What retailers expect from their meat supplier is: records and a verifiable audit trail to establish the accuracy of COOL info; Indemnify them for any fines and other costs, including their attorney’s fees, if the information you provide or fails to provide meets the requirements; Segregate all covered commodities by COOL until you deliver to them, and maintain the document trail to prove it; and provide them with an audit by a third party such as USDA.
In the interim, so they can be assured that you will be able to comply with the law, suppliers are being asked to supply them with a letter of intent by September 30 this year saying that you’re planning to do all of this, and a copy of your action plan.
In February this year, some of those who had mistakenly supported COOL but had no idea how onerous it would be began to recognize their folly. As a result, producers looked to the government to help explain to those who so badly wanted this law just how it would play out. Thus began what has become known as “listening sessions” in many rural parts of the United States conducted by the Agricultural Marketing Service. These sessions have been well-attended, not only by grass roots people impacted by the COOL requirement, but also by their elected officials. Earlier this week, one was held in Illinois, and I understand that House Speaker Dennis Hastert was supportive of what USDA laid out to his constituents in terms of the complicated problems.
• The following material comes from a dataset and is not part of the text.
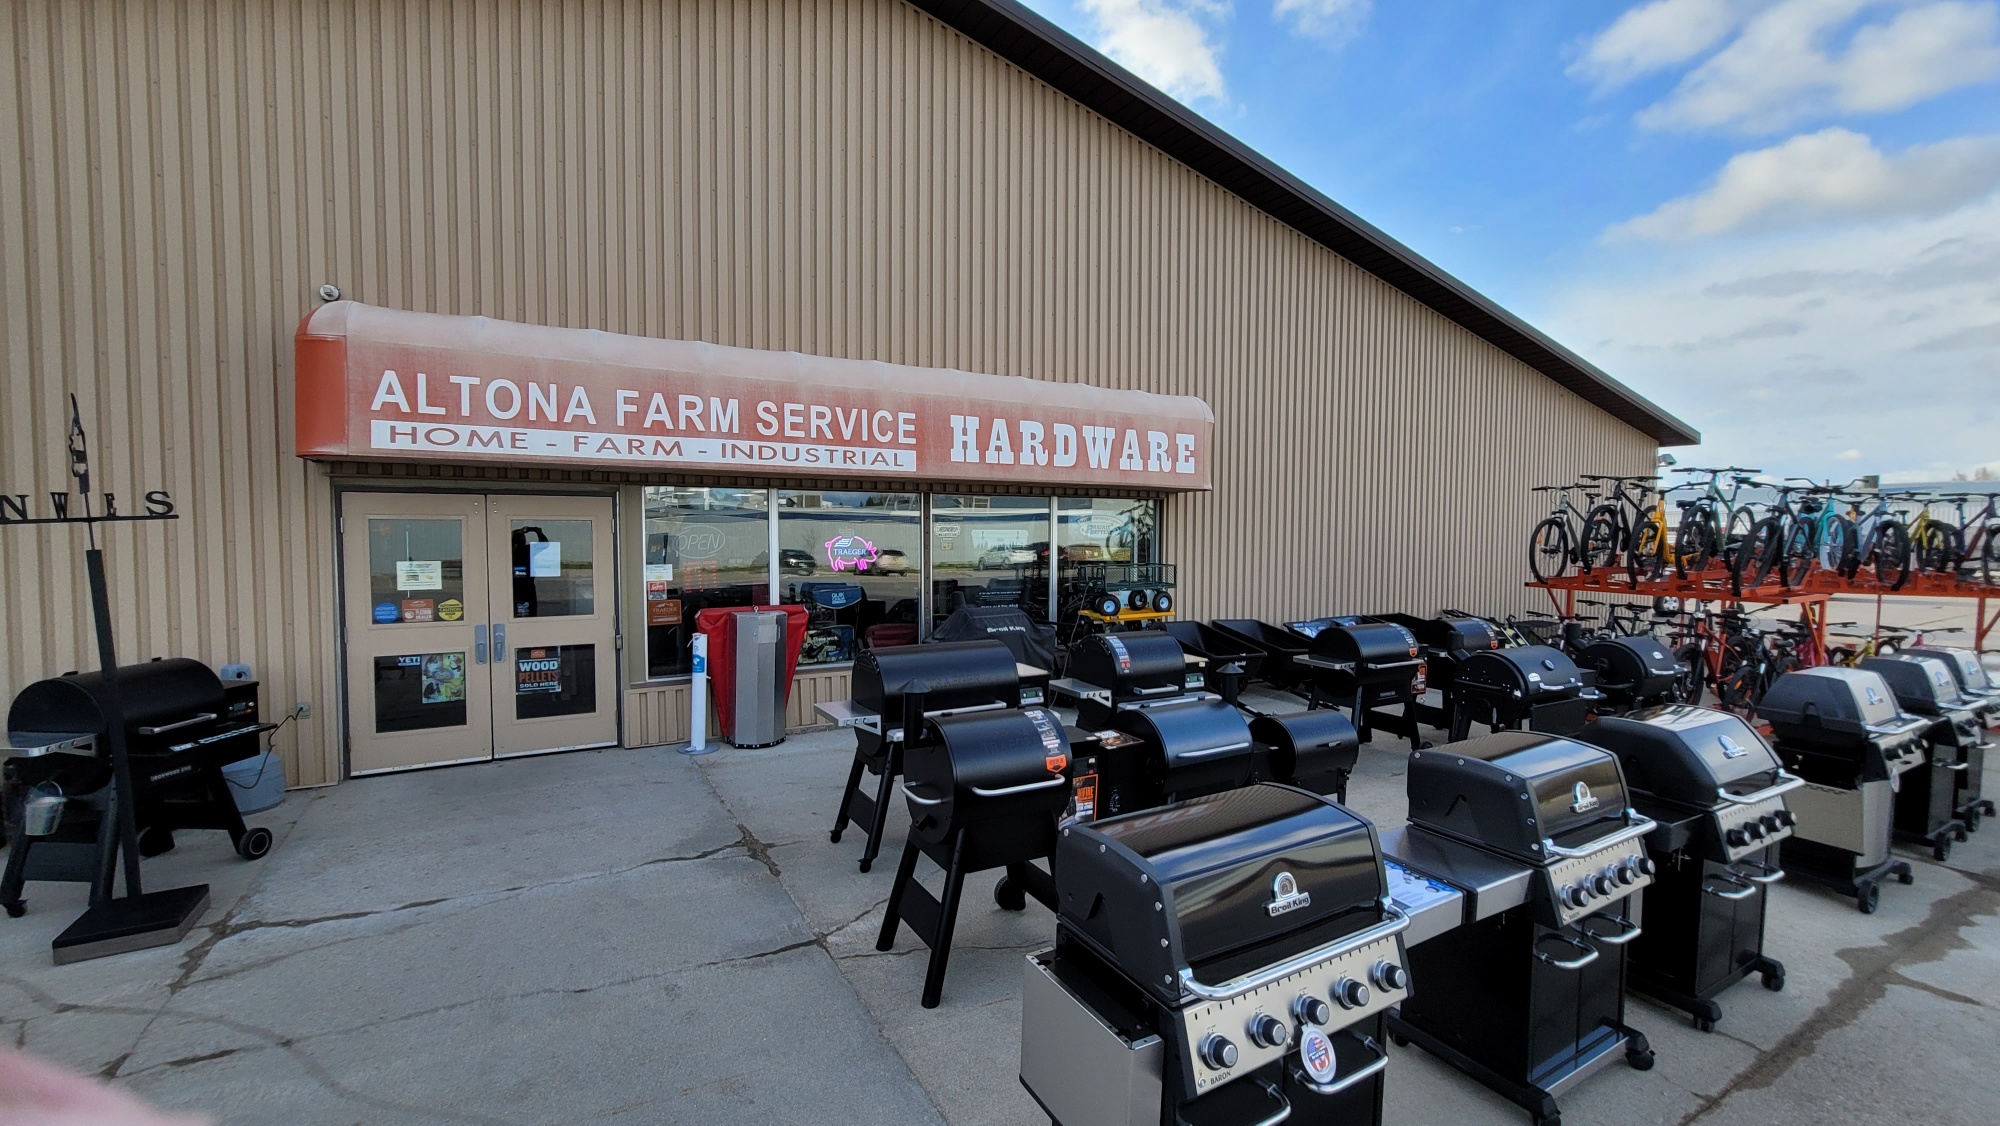 Altona Farm Service Ltd. - Harvest Red Coolers now available in the Tundra  45 and 65 #yeti #afs #altonafarmservice

I’ve gone on long enough here this morning. I’m going to leave up here a copy of the portion of the 2002 Farm Bill that provides for COOL for those of you who haven’t seen it. Also, a copy of USDA’s Q&As that will answer some of your questions is here. Quite frankly, the next big move will be in the United States Senate where leading opponents have vowed to overturn the Bonilla amendment in appropriations to deny funding for COOL. Senator Dasche says: We have the votes to overturn. Senator Tim Johnson says that there are cost-efficient ways to develop mandatory regulations despite the scare talk of the meat packing industry. Senators Tom Harkin from Iowa, Max Baucus from Montana, Craig Thomas from Wyoming, Conrad Burns from Montana and Charles Grassley from Iowa represent a formidable bi-partisan coalition, supported by folks like Public Citizen, Livestock Marketing Association, and others. The lead organization supporting COOL is Ranchers-Cattlemen Action Legal Fund, otherwise known as R-CALF, supported by the Western Organization of Resource Councils.
So finally, COOL needs a legislative fix. It cannot be fixed in the regulatory arena. The legislators that need to get this done is the Club of 100 – the United States Senate. These are the guys that you need to reach to make a difference. And remember, we need only move a few votes in the middle to get the job done!
Thanks for listening this morning here in the high country of San Antonio.